Il est sûrement très difficile de contrôler des vitesses très élevées en utilisant seulement vos mains et cela nécessite beaucoup de concentration …
Pour les gens comme moi, ce n’est pas si difficile. Ma moelle épinière ne me transmet pas d’informations, je ne pense pas du tout à mes pieds. Il m’est donc plus facile de me concentrer uniquement sur mes mains.
Combien de temps faut-il pour se préparer à la compétition? Comment vous préparez-vous habituellement?
Je fais les exercices physiques trois ou quatre fois par semaine. Une fois par semaine, je vais à la gym. Un autre jour, je m’entraîne avec mon simulateur de vélo spécial à la maison avec mon entraîneur personnel. Cela prend moins de temps, c’est plus facile pour moi et pas si dangereux. Et chaque semaine j’ai aussi un rendez-vous avec mon physiothérapeute.
Est-ce que votre famille vous accompagne?
Quand je suis en compétition en Europe, c’est plus facile. Quand je vais en Amérique du Sud, j’ai un emploi du temps très serré et je suis complètement déconnecté de ma famille et de mes amis. Je n’ai même pas d’Internet.
Vous êtes impliqué dans le développement de commandes manuelles pour l’ingénierie des voitures et des équipements de mobilité. Que faites-vous exactement?
Je travaille avec la société Guidosimplex Italy. Je suis impliqué dans divers projets de recherche, aidant à créer les conditions les plus confortables pour les personnes handicapées pour conduire. Si vous pouvez conduire une voiture, vous avez plus de liberté. Et c’est disponible!
Votre fille est une athlète. Aimez-vous qu’elle ait choisi une carrière sportive?
Ma fille Christina étudie maintenant, elle n’a que 21 ans. Elle a fait du patinage artistique lorsqu’elle était enfant, et maintenant elle s’occupe de la “track race”. Oui, j’aime son choix.
Vous avez une boutique d’orthèses en Andorre. Avez-vous dû obtenir un licence spécifique?
Oui, j’ai étudié à Barcelone et j’ai une licence. Nous offrons beaucoup de choses différentes, y compris des équipements sportifs pour les personnes handicapées: skis, vélos, simulateurs, suspensions. Il y a une demande en Andorre. Je sais exactement ce dont les gens ont besoin. J’utilise ma propre expérience pour fournir aux gens le maximum de confort.
Comment passez-vous votre temps? Qu’aimez-vous faire?

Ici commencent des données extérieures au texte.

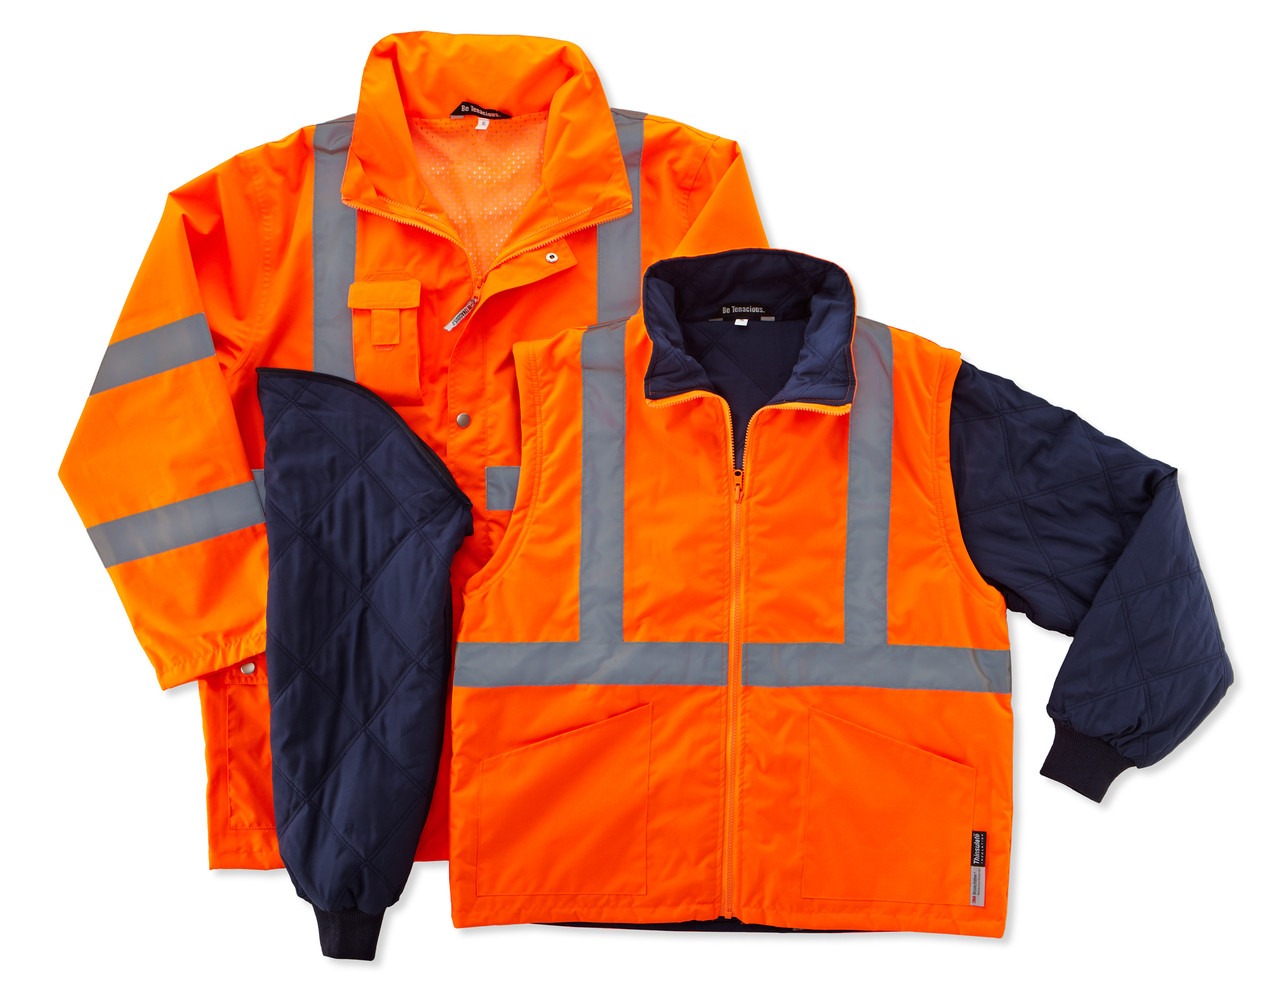 Ergodyne GloWear 8385 ANSI High Visibility 4-in-1 Reflective Safety Jacket 5XL Lime

J’ai une vie normale – je fais du sport, j’aime sortir avec mes amis. Je voyage beaucoup – normalement je passe un maximum de trois jours par semaine en Andorre. J’aime les courses! Je ne suis pas un pilote normal, je suis extrême. La vitesse maximale indiquée de ma Tatra est de 185 km / h et je l’ai souvent dépassée. C’est un camion qui pèse près de 9 tonnes!